First, let's try reinstalling the kernel.

# Reinstall the Linux 6.6 Kernel
$ pacman -S linux66
ldconfig: File /usr/lib/[FILE].so is empty, not checked.
...that repeated for many different files...
error: failed to prepare transaction (invalid or corrupted package)

Well, crap. It's hosed. I repeated this for a few other packages I knew were being upgraded (reminder: always read the output before you accept an upgrade) and discovered that they were in similar states of disrepair.

Lets do this at scale with all installed packages.

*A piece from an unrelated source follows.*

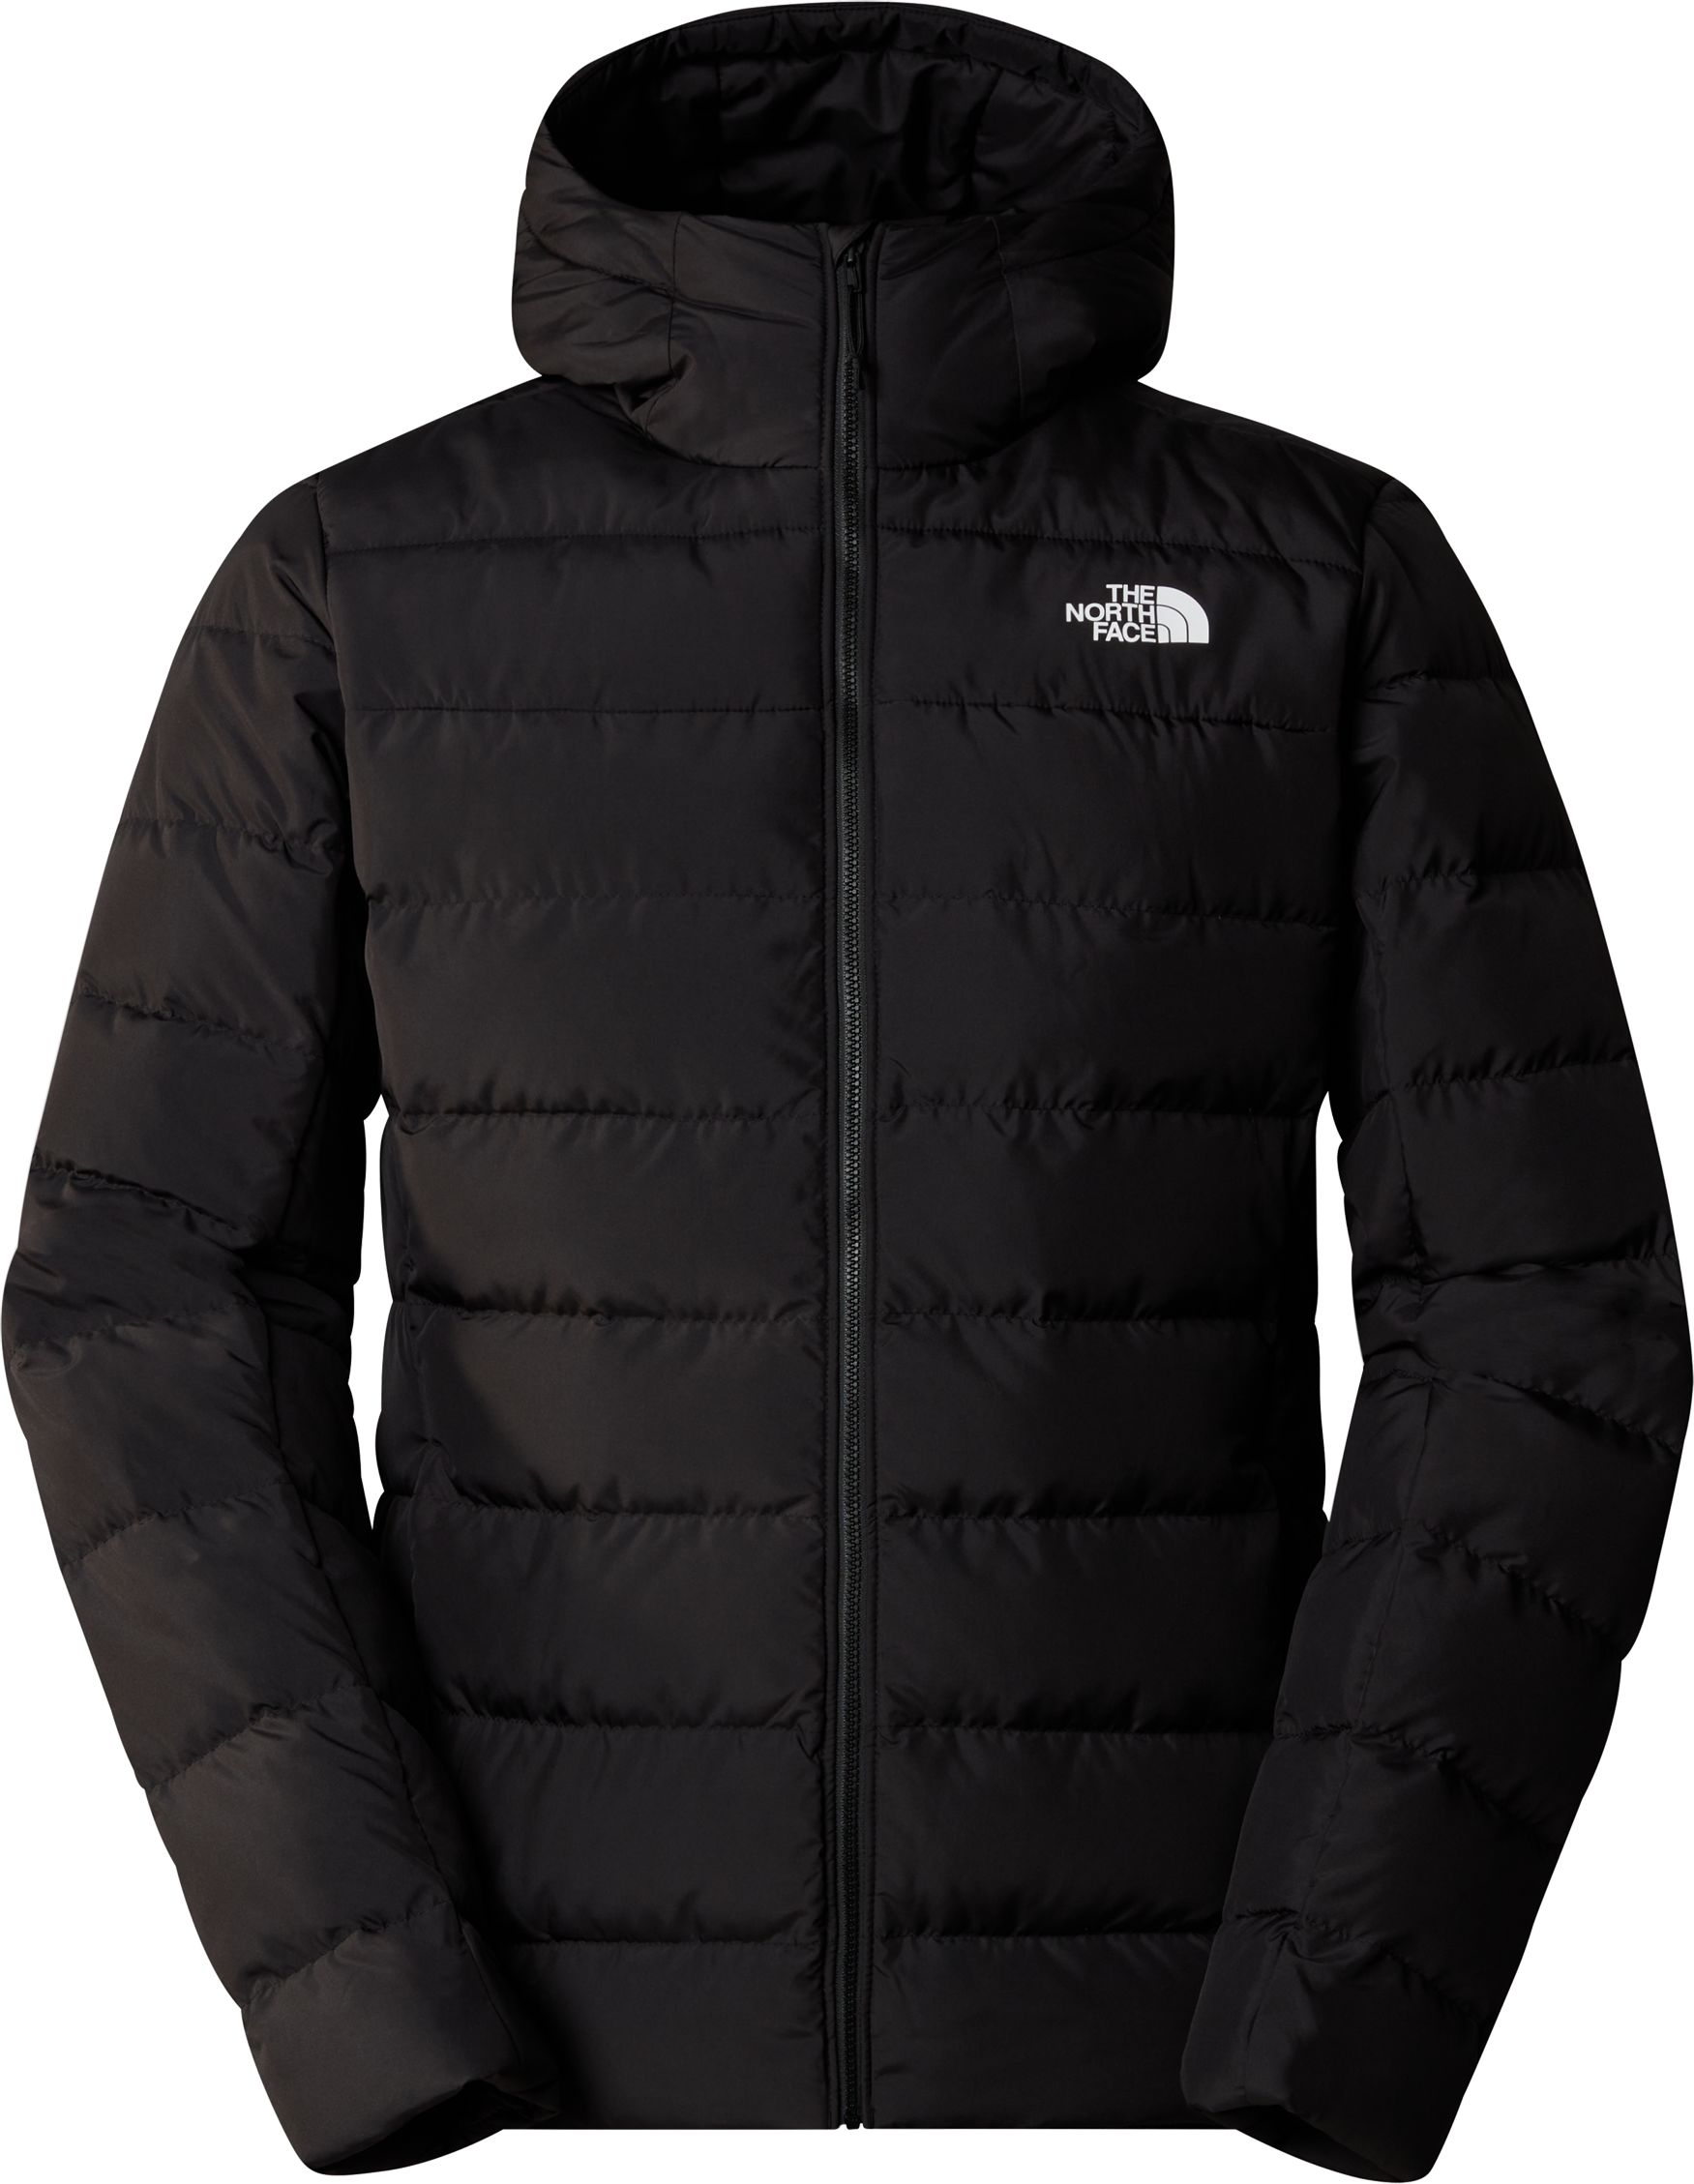 THE NORTH FACE, M ACONCAGUA 3 HOODIE

# Attempt to reinstall all known packages.
# -S: Synchronize (install) a package to the local machine.
# $(...): This is a way to pass the output of one command to another.
# -Q: Query the package database.
# -n: Limit the packages queried to only those that are tracked in the Pacman database.
# -q: Show less information about packages than usual.
pacman -S $(pacman -Qnq)

Because we know there to be broken packages, the command will ultimately exit with an error. What we're after is the complete list of broken packages. Take note of the names of any packages with accompanying error loglines.

Now, let's fix them.

# Force installation of the known bad packages.
# -S: Synchronize (install) a package to the local machine.
# --overwrite "*": ignore conflicting files and overwrite all.
# Replace 'package1 package2' with a space-delimited list of broken packages.
pacman -S --overwrite "*" package1 package2

This should knock those packages back in line. Let's run a full system upgrade and force reinstall our kernels to verify it's all good.

pacman -Syu
# Reinstall all installed kernels.
reinstall-kernels

No errors! I crossed my fingers, rebooted my computer... and was able to log in as expected!